(Work to be completed):
For this task, extract exactly the lines of the data below, from the line containing "20 Best Color" through the last one, with pictures left out.

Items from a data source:
====

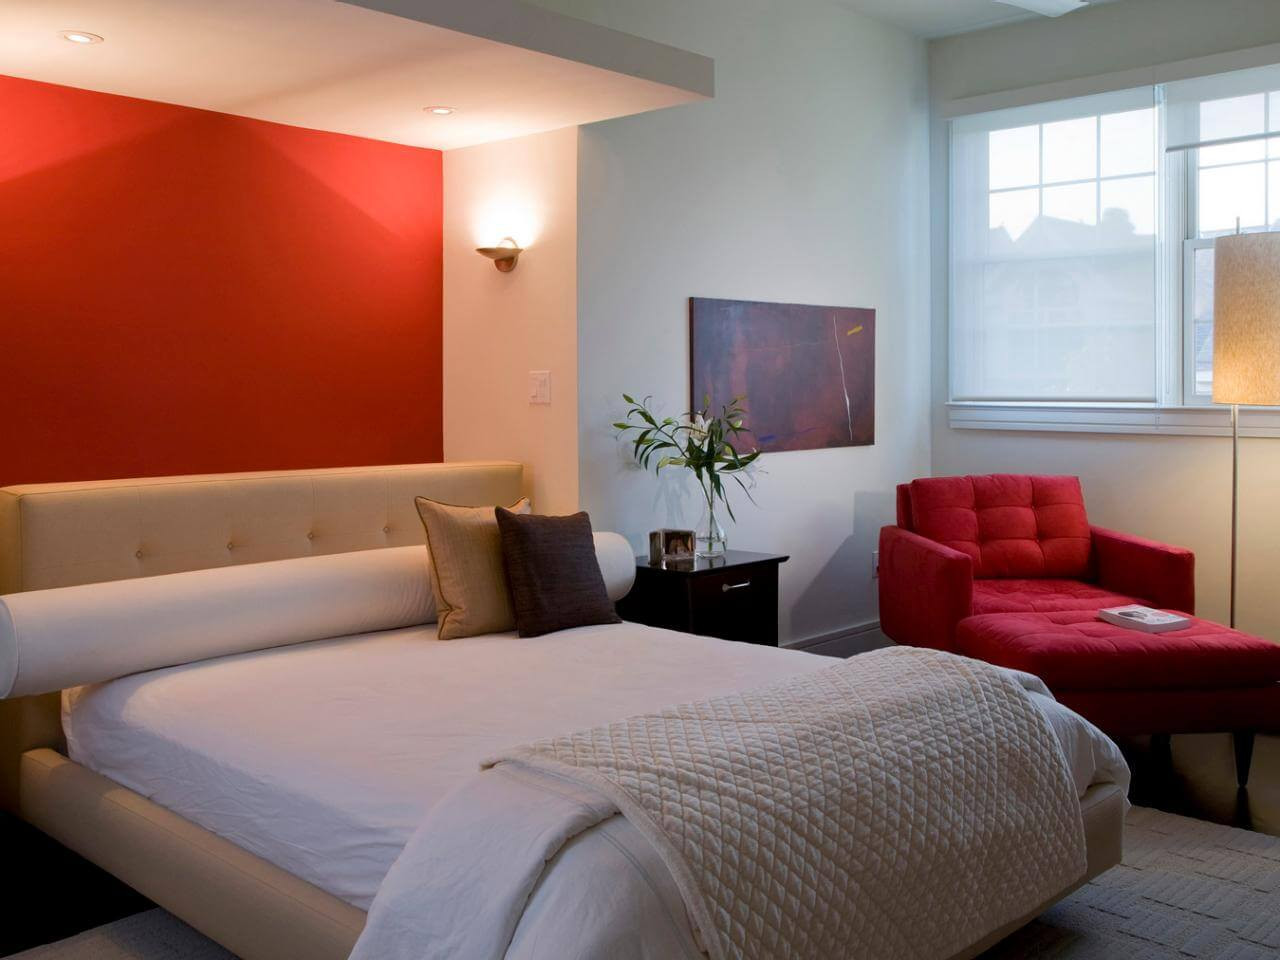 Bedroom Color Scheme Ideas
 20 Best Color Ideas for Bedrooms 2018 Interior
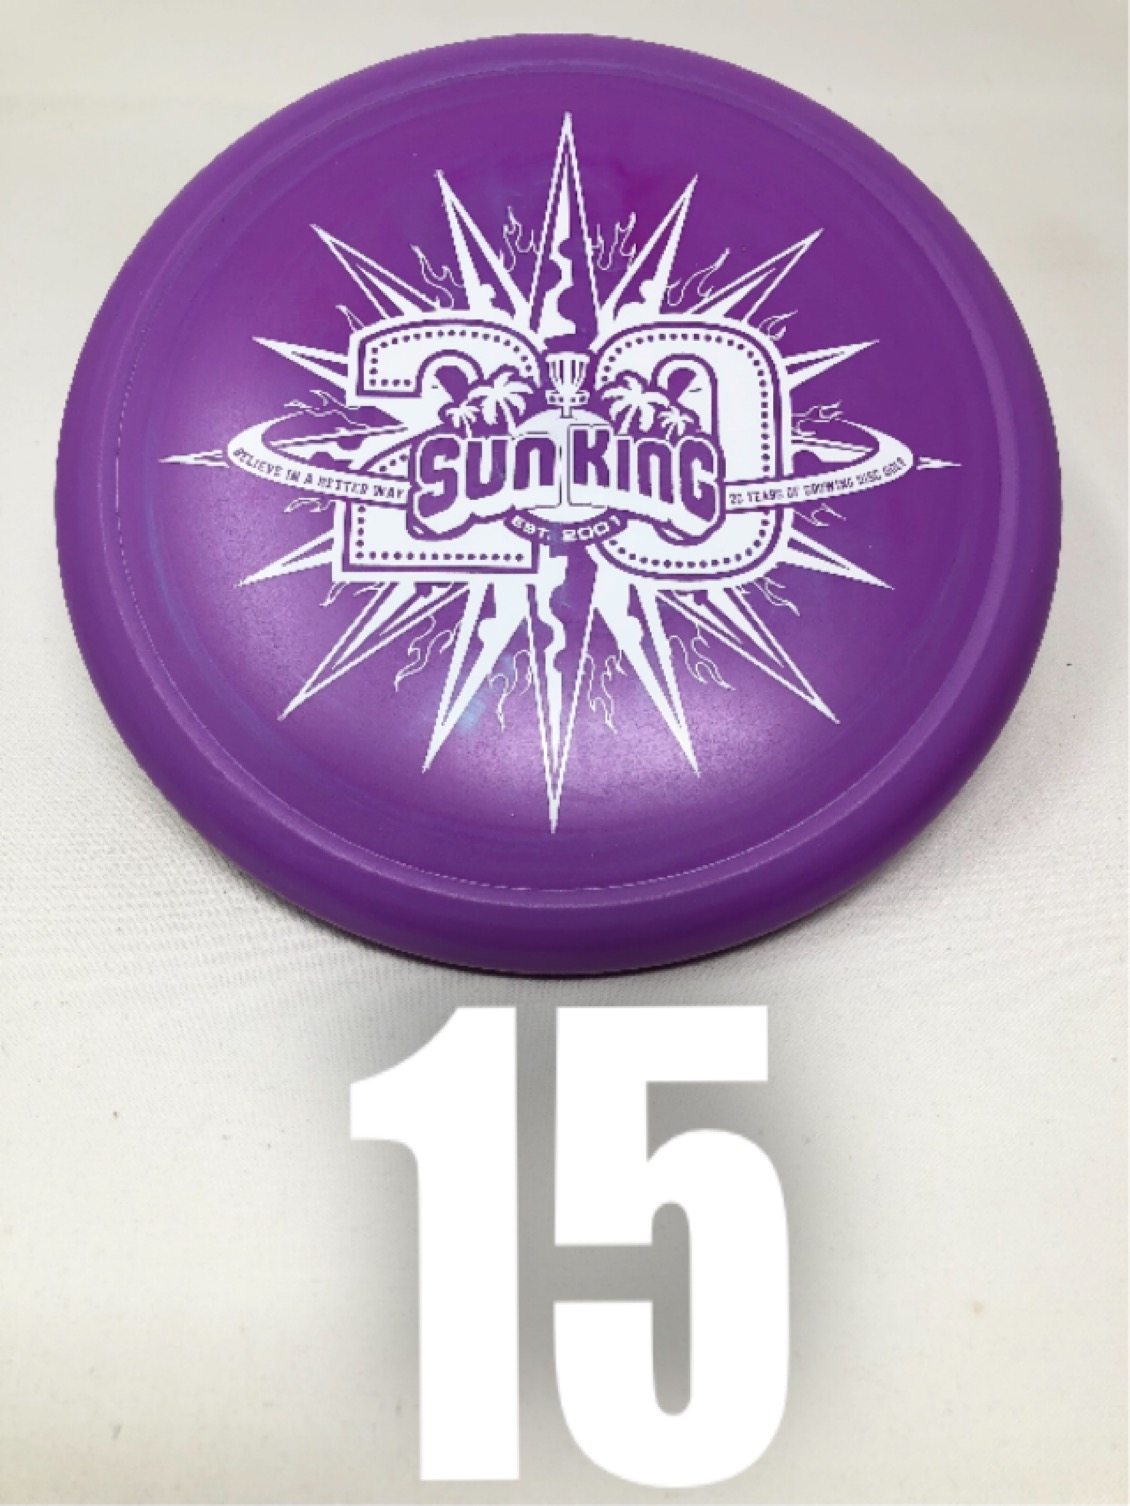 Innova KC Pro Animal (Sun King - 20th Anniversary)
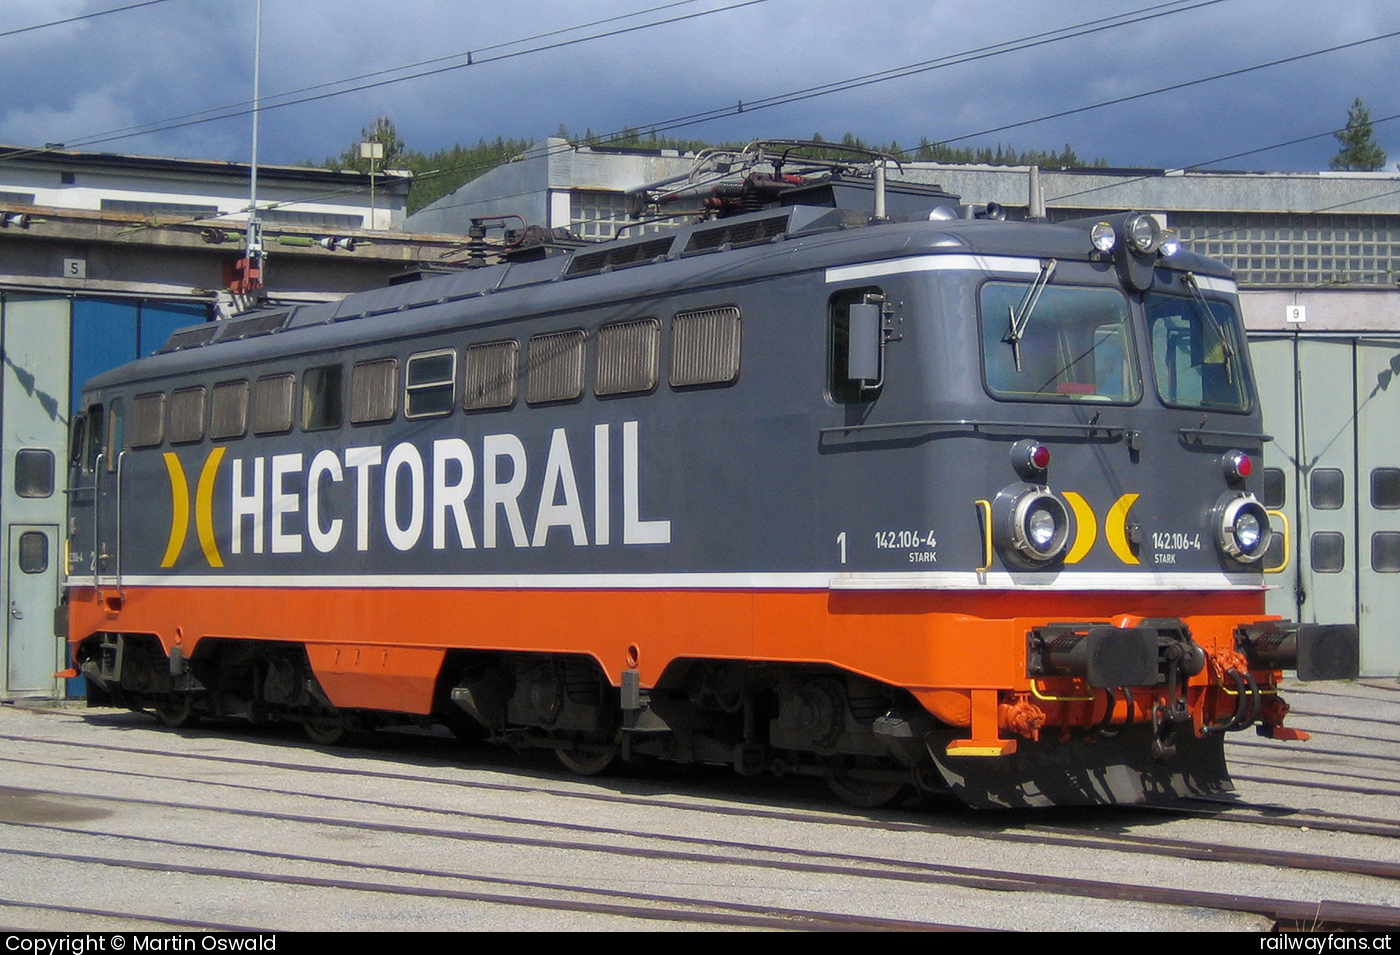 Hectorrail 142 106 in Ånge - ex ÖBB 1142 563   Railwayfans
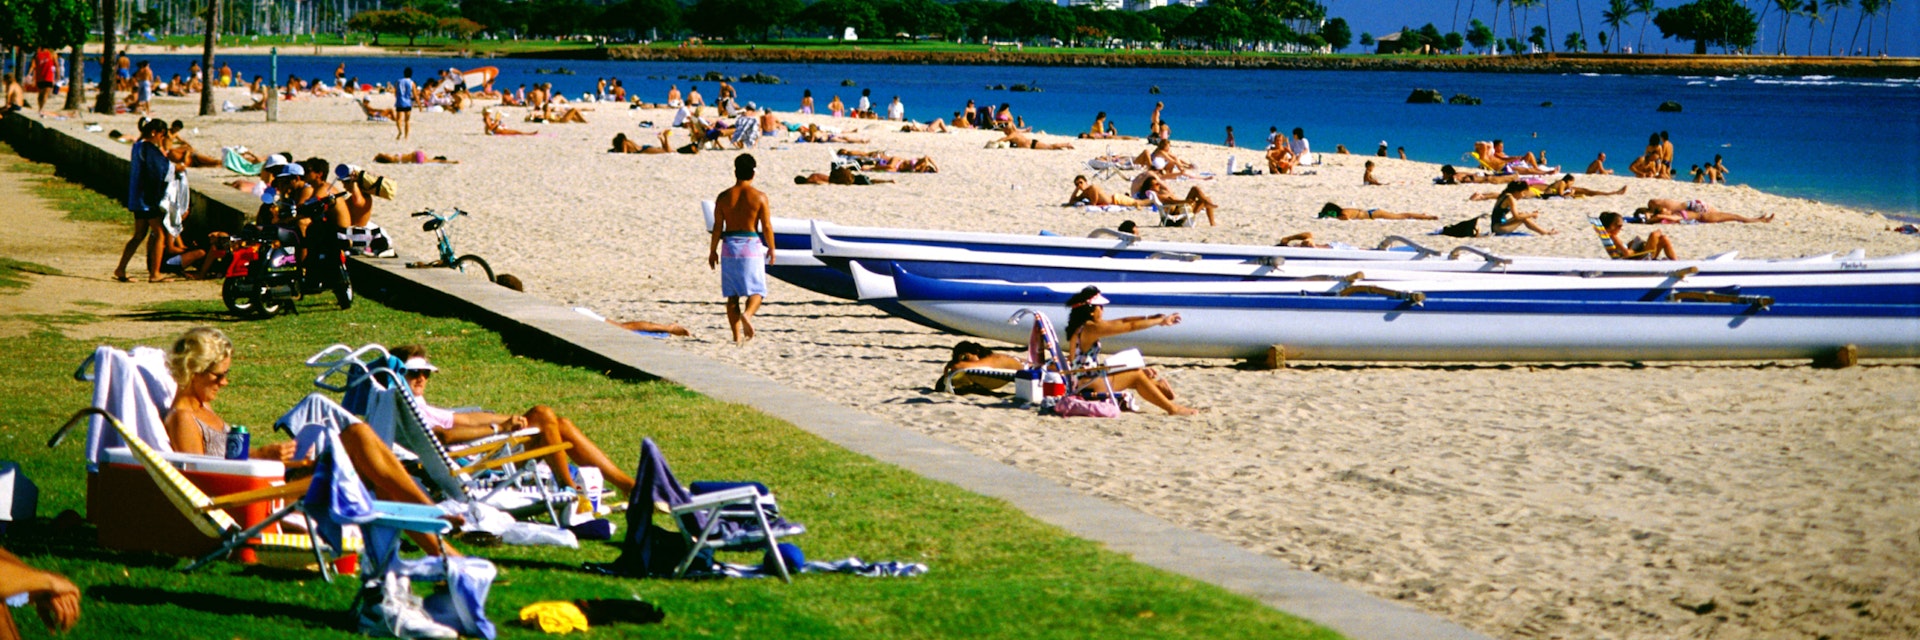 Visitors crowd beaches at Ala Moana Beach Park, Diamond Head background

====

(Result of this task):
 20 Best Color Ideas for Bedrooms 2018 Interior
 Innova KC Pro Animal (Sun King - 20th Anniversary)
 Hectorrail 142 106 in Ånge - ex ÖBB 1142 563   Railwayfans
 Visitors crowd beaches at Ala Moana Beach Park, Diamond Head background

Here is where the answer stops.